Wednesday, 18 January 2017

Spliterator in Java

Spliterators, like iterators, are for traversing the elements of a source. The source of elements covered by a Spliterator could be, for example, an array, a Collection, an IO channel, or a generator function.

As the name suggests, spliterator can split the source and iterate the splitted parts in parallel. That way a huge data source can be divided into small sized units that can be traversed and processed parallely.

Spliterator interface

Spliterator is a generic interface in Java defined as -

Interface Spliterator<T>

Where T is the type of elements returned by this Spliterator.

Spliterator methods

Though spliterator will increase performance by traversing the collection in parallel but you can also use spliterator even if you are not using parallel execution.

If you use iterator you have to use two methods hasNext() to ensure that there is next element and then next() method to use that element. Spliterator provides methods that combines these two methods into one and making it more convenient to use.

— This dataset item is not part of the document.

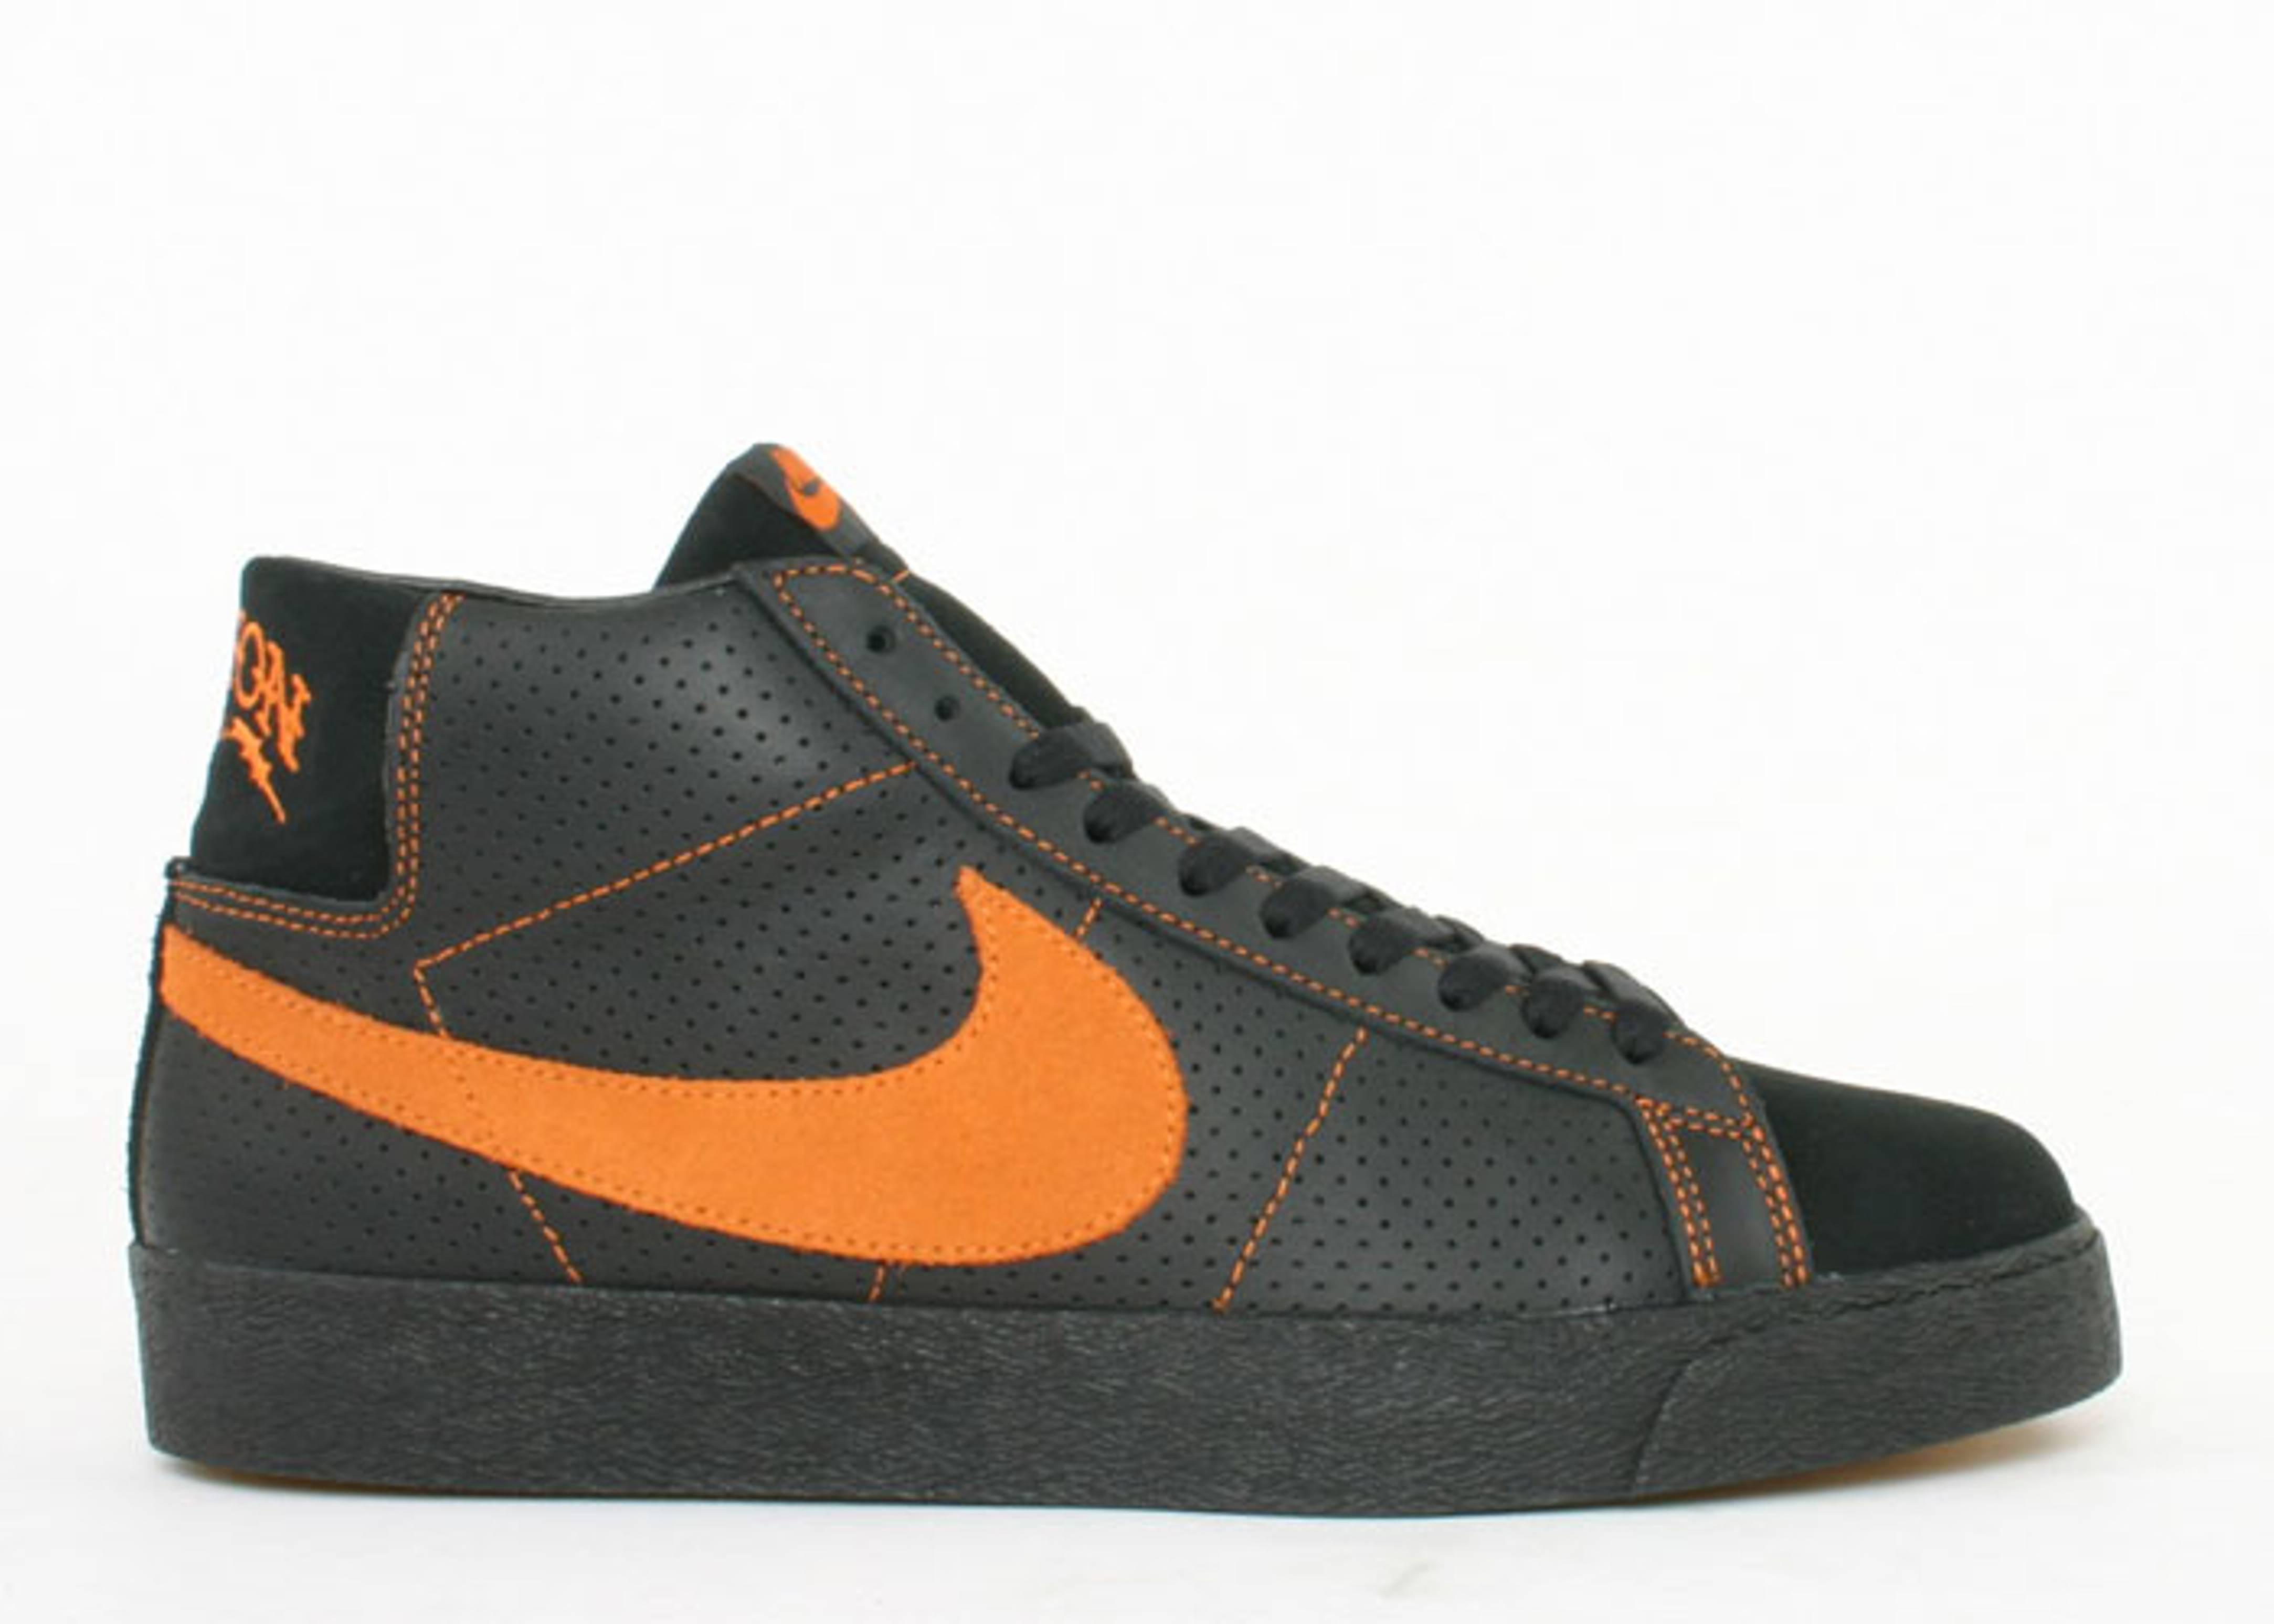 choix en ligne La Mission De Nike Blazer Orange 100% Original acheter professionnel de jeu V0Nw7E

Some of the frequently used methods of Spliterator are -

  • tryAdvance() - If a remaining element exists, performs the given action on it, returning true; else returns false. Its form is -
    tryAdvance(Consumer<? super T> action)
    
    Here action is an instance of Consumer, which is a functional interface, it specifies the function that has to be applied on the next element while traversing the collection (or any other source).
  • forEachRemaining - Performs the given action for each remaining element, sequentially in the current thread, until all elements have been processed or the action throws an exception. Its form is -
    default void forEachRemaining(Consumer<? super T> action)
    
  • estimateSize() - Returns an estimate of the number of elements that would be encountered by forEachRemaining traversal, or returns Long.MAX_VALUE if infinite, unknown, or too expensive to compute. Its form is -
    long estimateSize()
    
  • trySplit() - If current spliterator can be partitioned a new spliterator is created, it partitions the elements of the source so that new spliterator traverse one of the partition while original spliterator traverses the other partition.
  • characteristics() - Returns a set of characteristics of this Spliterator and its elements.

Spliterator characteristics

A Spliterator also reports a set of characteristics() of its structure, source, and elements from among ORDERED, DISTINCT, SORTED, SIZED, NONNULL, IMMUTABLE, CONCURRENT, and SUBSIZED.

These characteristics are defined as constant fields in the Spliterator interface.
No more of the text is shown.